HTML Report: Visual summary of the quality metrics.
ZIP File: Contains the raw data used to generate the report.

Key metrics in the HTML report:

Per Base Sequence Quality:
Boxplots showing quality scores across all positions in reads.
Green indicates high-quality bases (>Q30).
Per Sequence Quality Scores:
Overall quality of reads in the file.
Per Base GC Content:
GC content distribution across the length of reads.
Adapter Content:
Detects overrepresented adapter sequences.
Overrepresented Sequences:
Identifies frequently occurring sequences (e.g., adapters or contaminants).

Trim Galore¶

Trim Galore is a versatile tool for trimming sequencing reads and removing adapter sequences. It’s particularly useful for preparing raw sequencing data for downstream applications like alignment or differential expression/methylation analysis. Trim Galore combines the functionalities of Cutadapt and FastQC for quality control and trimming.

trim_galore --paired --cores $task.cpus $args $reads

General Options

-q <quality>: Trim low-quality bases from the ends of reads. Default is 20.
--length <min_length>: Discard reads shorter than the specified length after trimming.
--adapter <sequence>: Specify a custom adapter sequence.
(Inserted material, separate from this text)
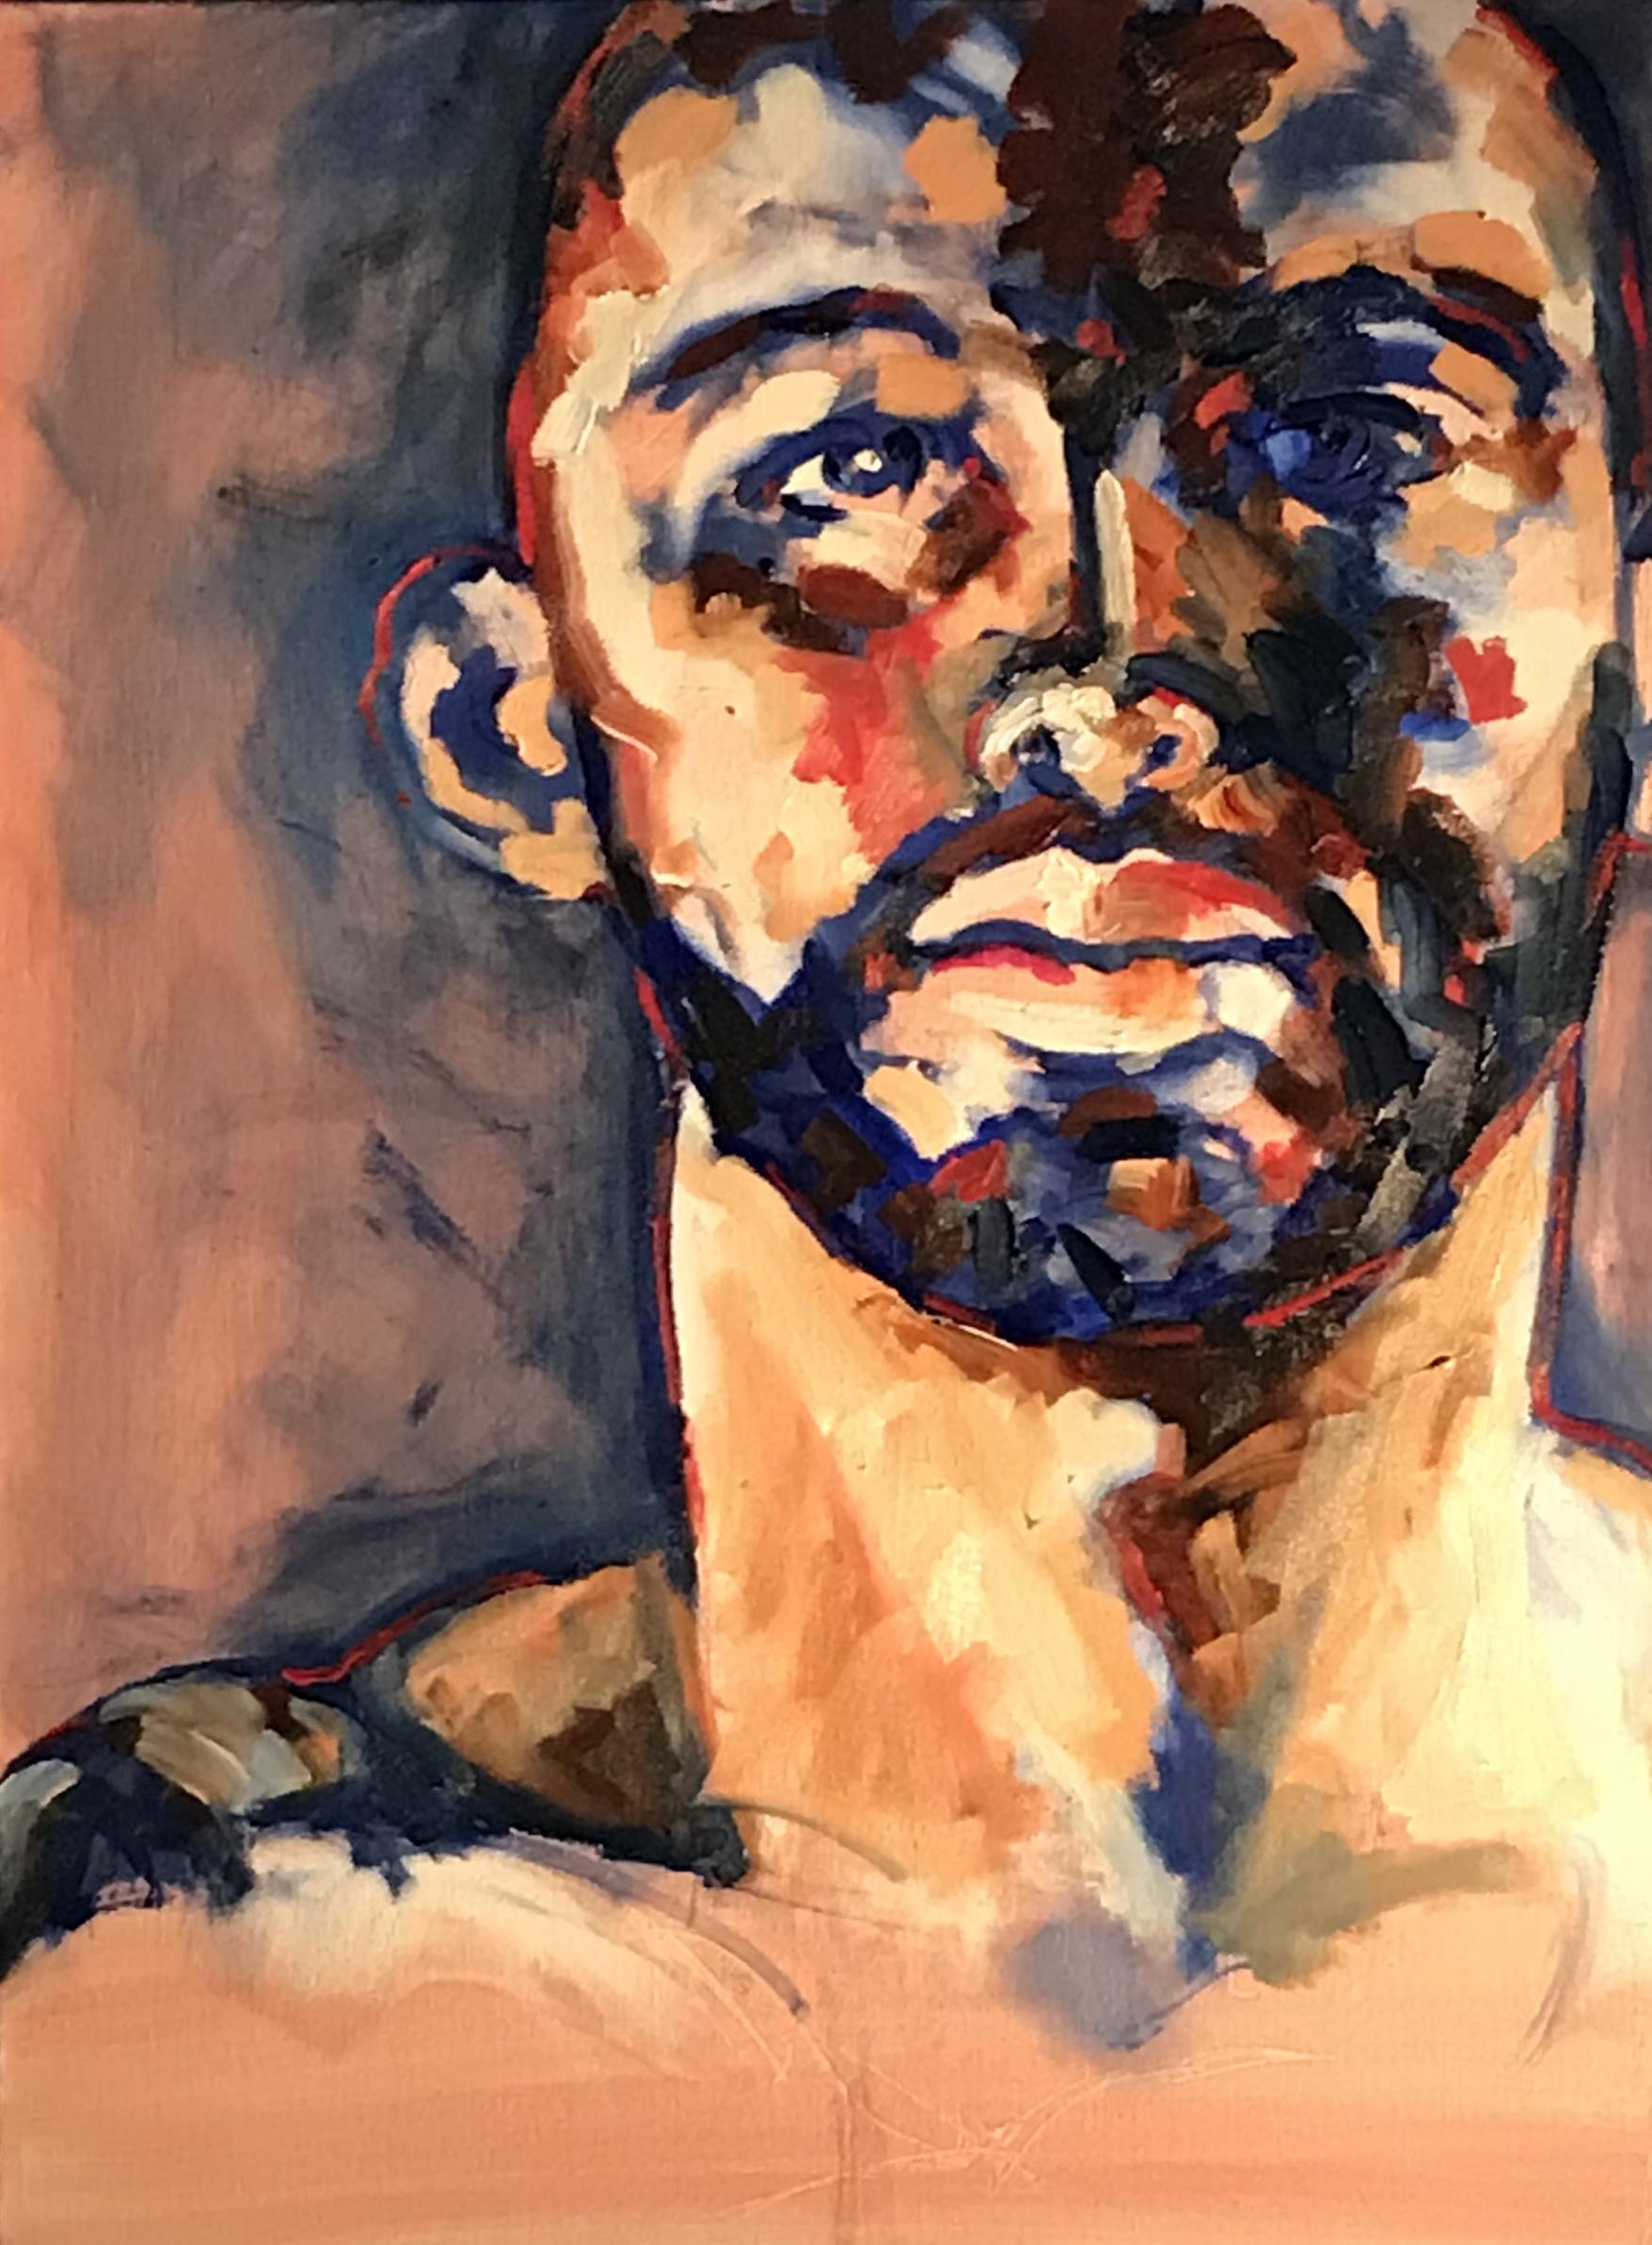 Simon Oil On Canvas 16x20  $800
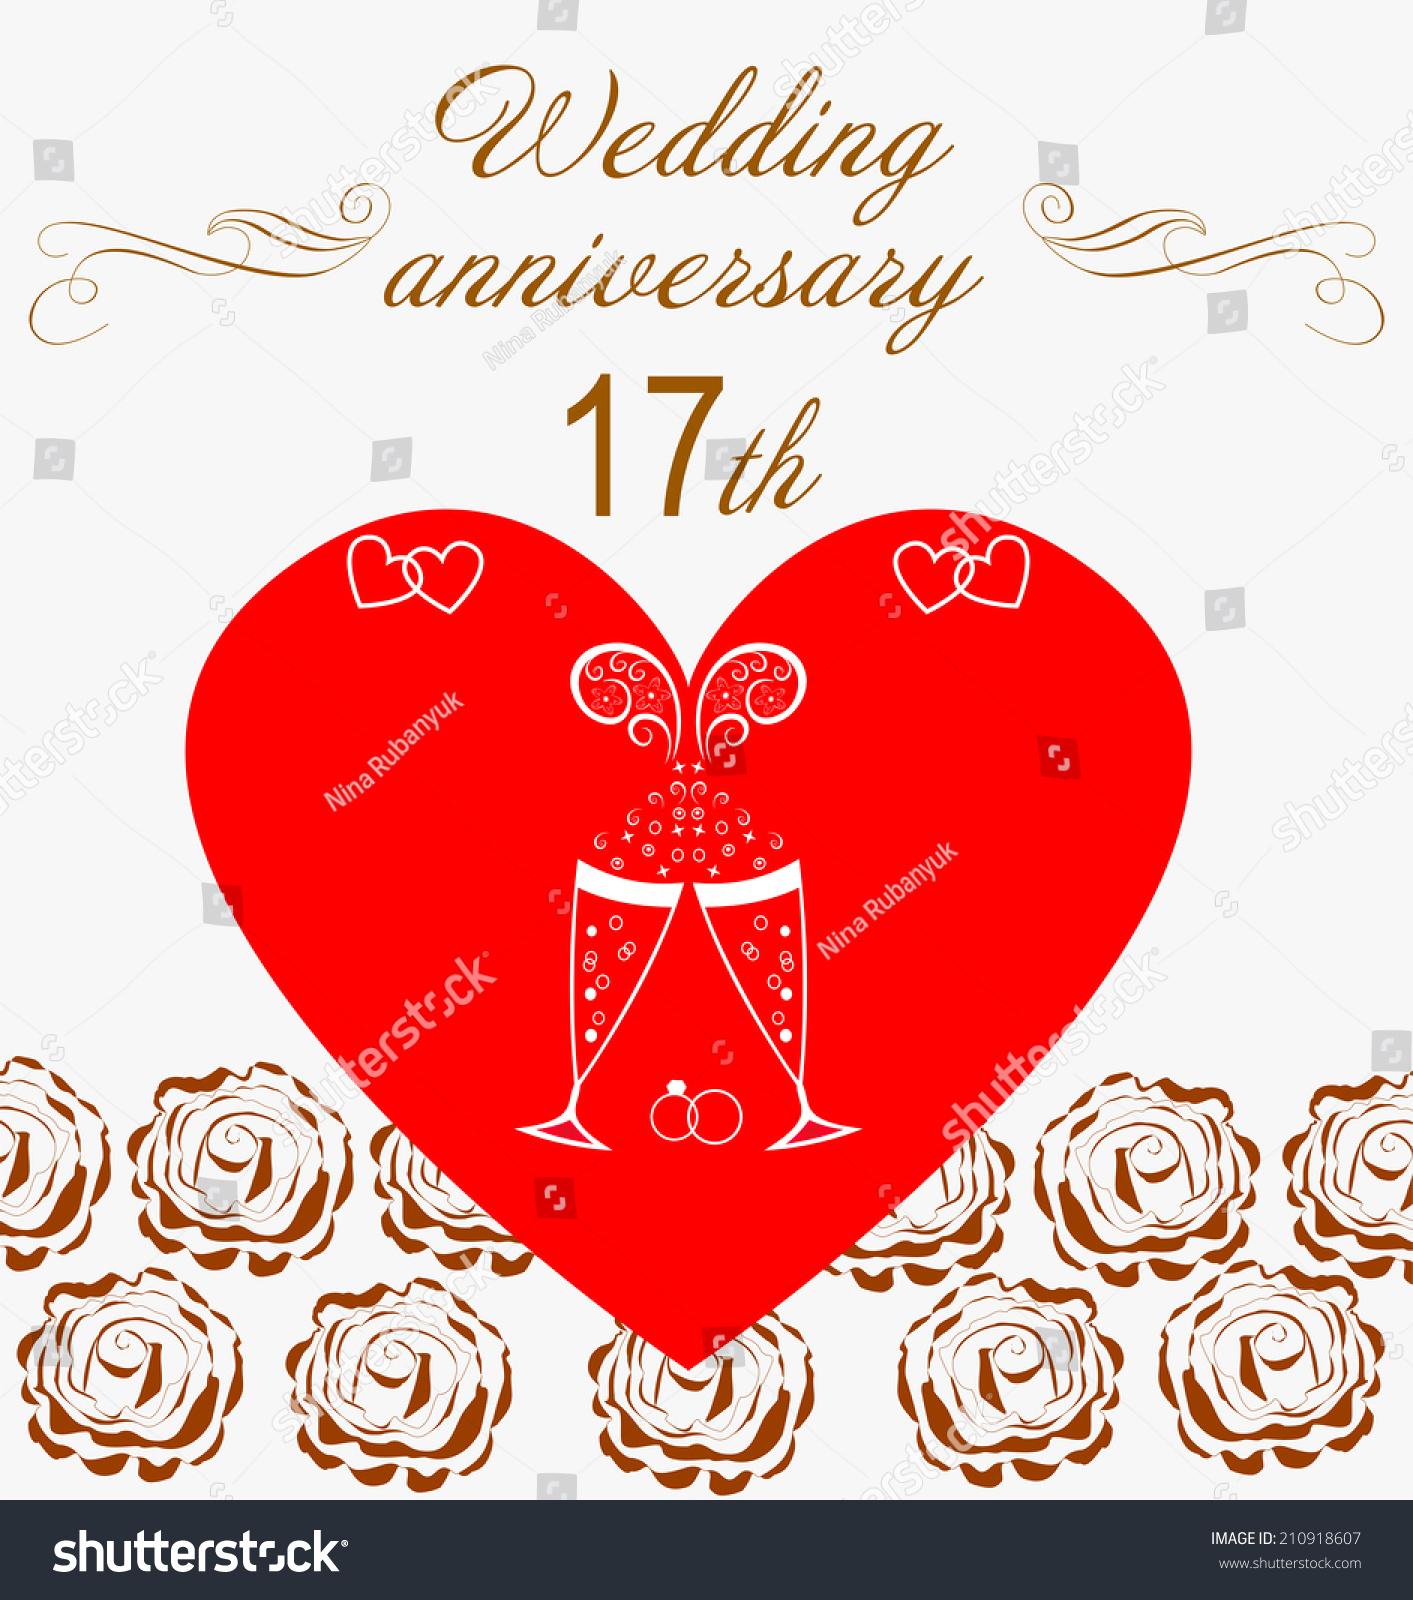 17 Th Wedding Anniversary Invitation Stock Vector (Royalty Free ...

By default, Trim Galore auto-detects adapters.
--gzip: Compress the output files into .gz format.
--fastqc: Run FastQC before and after trimming.
--cores <number>: Use multiple cores for faster processing.

Bismark Analysis¶

Reference Genome Preparation¶

Bismark needs to prepare the bisulfite index for the genome.

In the current pipeline, user can provide the genome.fasta and the pipeline can index it.
Optinally, user can provide the index files directly, and the pipeline will use it without indexing the genome again.

General Options

--verbose: Prints detailed output during the indexing process.
--parallel <threads>: Uses multiple threads to speed up genome preparation.
--bowtie2: Specifies that Bowtie2 will be used for alignment (default option in most versions).
--path_to_bowtie <path>: Specifies the path to the Bowtie installation if not in your PATH.

Example with Options:

bismark_genome_preparation --bowtie2 --parallel 4 <genome.fasta>

Reference Genome Preparation

After successful completion, Bismark generates a bisulfite-converted genome in two orientations (C->T and G->A) along with the Bowtie/Bowtie2 indices.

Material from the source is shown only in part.